Your job is to return the whole listing unchanged while skipping its images.

■ **Stored data**:

= = = = =

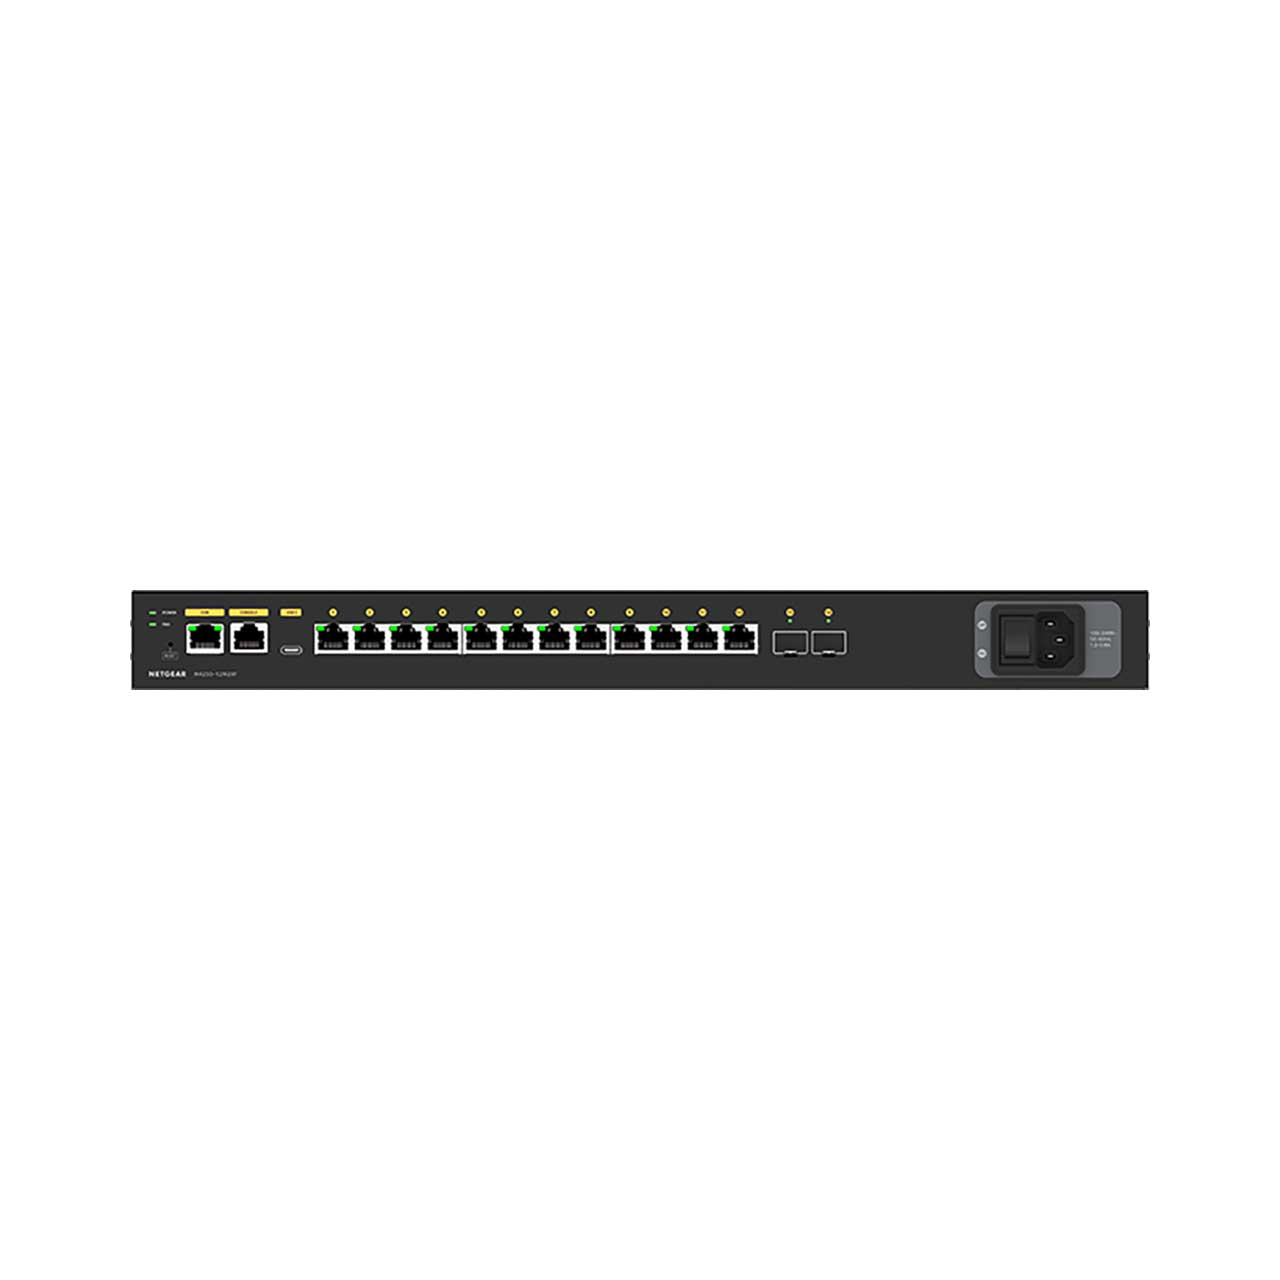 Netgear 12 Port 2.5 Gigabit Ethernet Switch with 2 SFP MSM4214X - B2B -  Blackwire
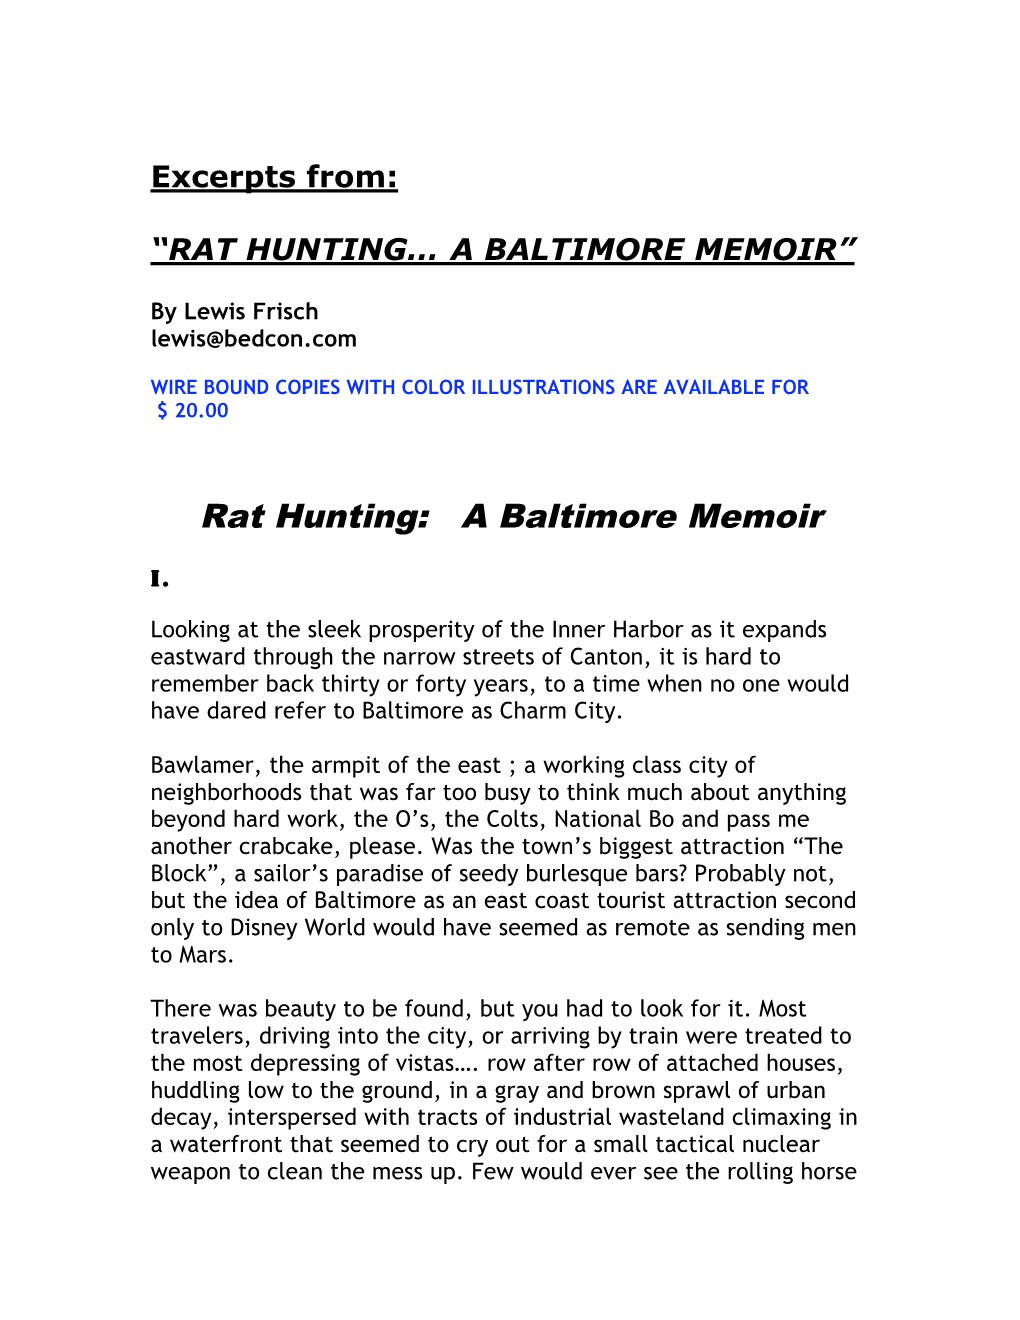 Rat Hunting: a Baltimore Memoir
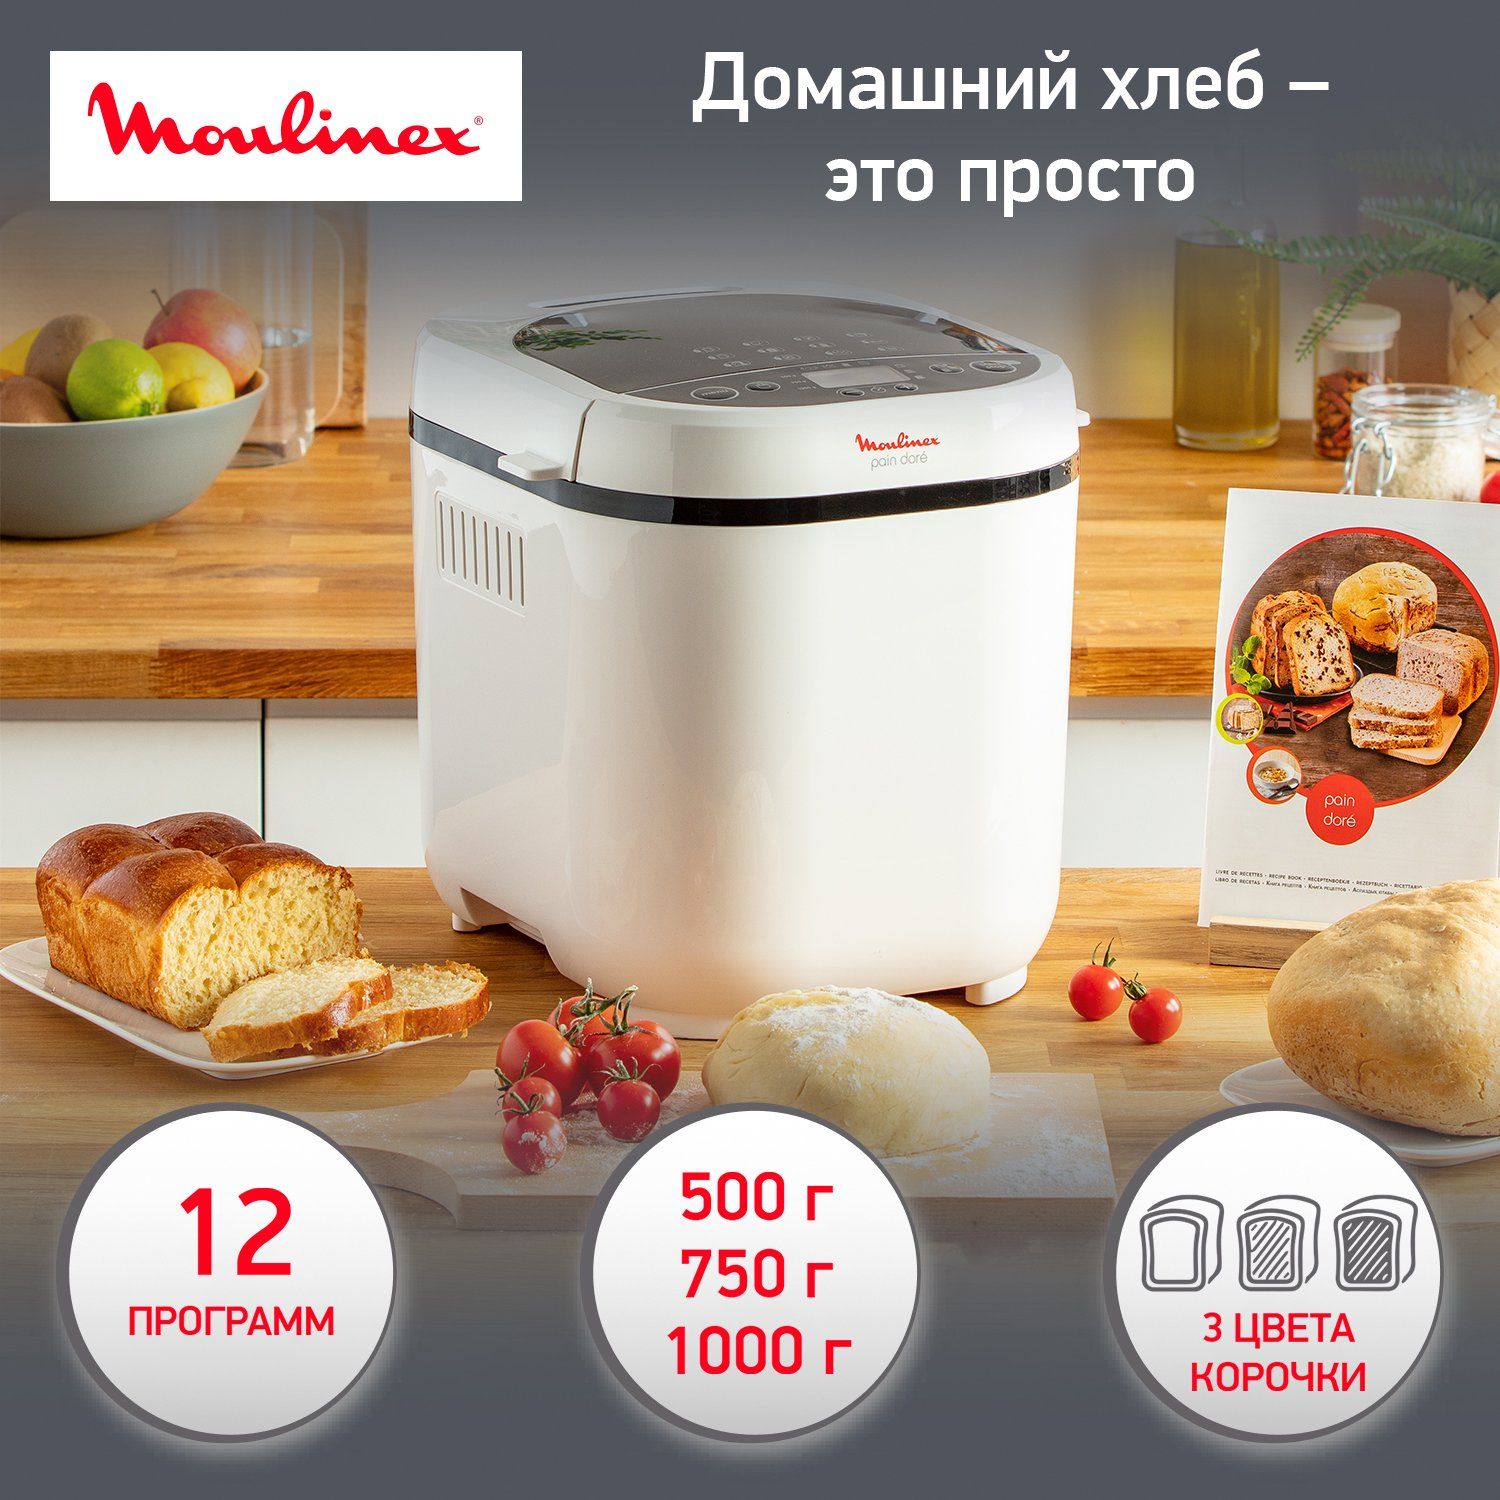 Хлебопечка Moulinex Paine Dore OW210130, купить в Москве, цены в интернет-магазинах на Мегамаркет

= = = = =

■ **Task output**:
 Netgear 12 Port 2.5 Gigabit Ethernet Switch with 2 SFP MSM4214X - B2B -  Blackwire
 Rat Hunting: a Baltimore Memoir
 Хлебопечка Moulinex Paine Dore OW210130, купить в Москве, цены в интернет-магазинах на Мегамаркет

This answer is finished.